Owl's Fine Reviews

aboutwhy
pixelated owlpixelated owlpixelated owl

Jun 22, 2024

Why Do We Keep Playing?

In anticipation of upcoming travel and with nothing to play on my Steam Deck, I booted up Persona 4: Golden. It checked the boxes for what I thought would be an ideal diversion from cramped economy seating and long days spent in the car. The game is known for taking over 100 hours to complete, its turn-based combat has been described to me as Pokémon+, and it is generally talked about as the game that launched the Persona series into modern prominence that has seen Persona 5: Royal gain a massive fanbase. It seemed like a natural entry point and a welcome time to take my leap.

So, I played some. Just over 11 hours, actually. In the car and on the plane. I enjoyed combining Personas, leveling up my social links, even becoming attached to some dark horse characters and investing in storylines that helped my path feel unique. But I never really craved more Persona time, and now that my travel is over, I find myself almost dreading the investment it would take to pick the game back up.
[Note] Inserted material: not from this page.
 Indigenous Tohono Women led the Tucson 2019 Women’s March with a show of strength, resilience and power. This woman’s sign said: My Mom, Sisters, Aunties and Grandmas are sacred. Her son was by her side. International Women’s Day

Keeping track of the weather, when to tend my in-game garden, and juggling the pressures of school and dungeon-crawling all together paint a monotonous picture. While I know I could go on autopilot and probably enjoy diving back in, nothing is calling me to do so.

This realization got me thinking about why we continue playing games. What separates an experience we pick up for a few hours before shelving from one that absorbs our attention through completion? What keeps us coming back to some games and not others? Let’s start with the 4 types of ways games capture our attention: as candy, builders, mysteries, and runners.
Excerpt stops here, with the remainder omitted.